Now, we can easily check how many non-zero coefficients the fitted model has, or get predictions on the training set.

In [25]:
import numpy as np
np.sum(pipe.student[1].coef_ != 0.0)

260

In [26]:
pipe.predict(X)

array([ 2.82819899e-01,  4.66079463e-01,  1.15606183e-01,  5.02952325e-01,
        4.17393777e-02, -4.11573164e-01,  7.60555538e-01,  4.34577104e-01,
        1.14479065e-01,  3.75259090e-02, -1.34671115e-02,  1.61175017e-01,
        1.00036148e-01,  2.40373951e-01, -3.25340021e-01, -8.67875954e-01,
        7.96211926e-01, -1.83116380e-01,  1.07281533e-02, -4.77575349e-02,
       -1.43752928e-01,  4.76747822e-01, -1.28454611e-02, -2.77780752e-01,
        1.18303704e-01,  7.13485684e-01, -9.06133817e-02, -2.28805873e-01,
       -1.85240257e-01, -1.88895164e-01,  1.79877864e-02, -4.40709840e-01,
       -3.33191668e-02, -3.47169497e-01, -5.41839603e-02, -7.00115696e-01,
       -4.83739189e-01,  1.49624486e-01,  2.72062364e-01,  7.45285449e-01,
       -7.67869829e-02, -1.82008113e-01, -6.69662687e-02,  8.93221182e-02,
        2.10881649e-01, -5.40481656e-01, -6.76554743e-02,  4.59392323e-02,
       -1.14925641e-01,  1.08297960e-01, -1.48445361e-01,  3.92129238e-01,
        3.46609042e-04,  

## References

[1] David Wissel, Nikita Janakarajan, Daniel Rowson, Julius Schulte, Xintian Yuan, Valentina Boeva. "sparsesurv: Sparse survival models via knowledge distillation." (2023, under review).
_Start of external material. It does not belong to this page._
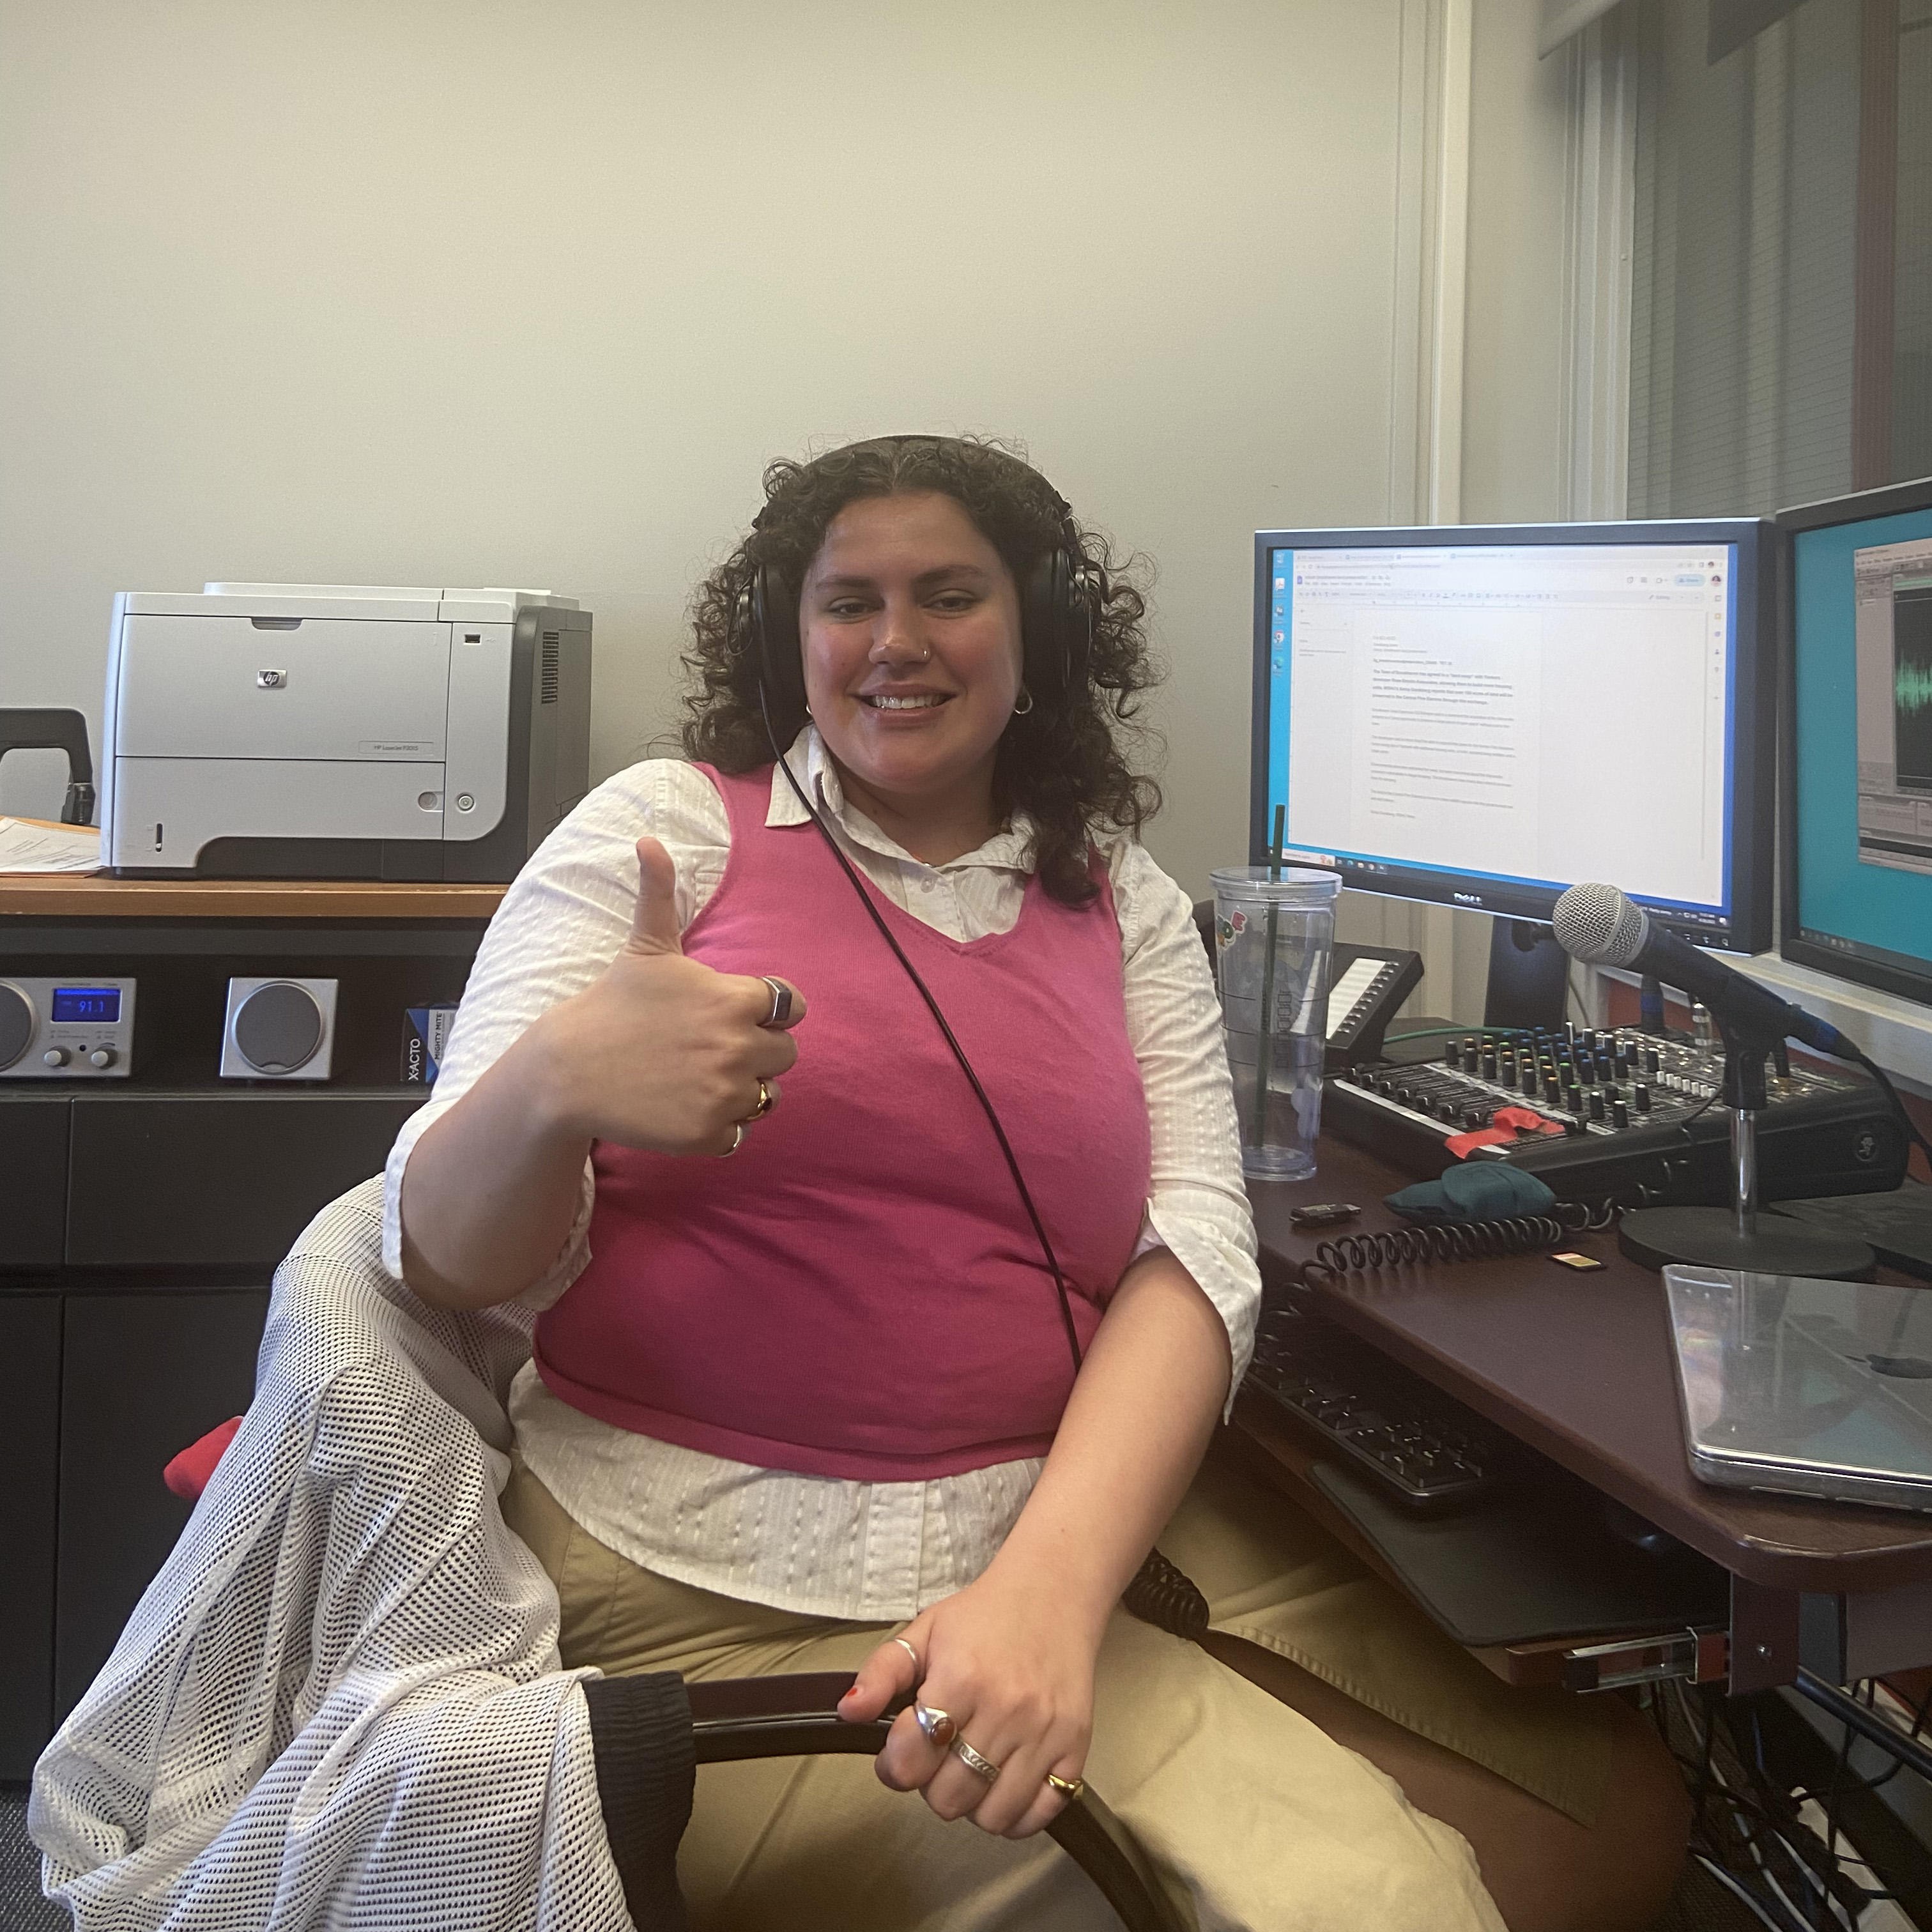 Xenia Gonikberg gives a thumbs up from her desk in the WSHU public radio bureau on campus

[2] Paul, Debashis, et al. "“Preconditioning” for feature selection and regression in high-dimensional problems." (2008): 1595-1618.

[3] Pavone, Federico, et al. "Using reference models in variable selection." Computational Statistics 38.1 (2023): 349-371.

[4] Pölsterl, Sebastian. "scikit-survival: A Library for Time-to-Event Analysis Built on Top of scikit-learn." The Journal of Machine Learning Research 21.1 (2020): 8747-8752.

[5] Hinton, Geoffrey, Oriol Vinyals, and Jeff Dean. "Distilling the knowledge in a neural network." arXiv preprint arXiv:1503.02531 (2015).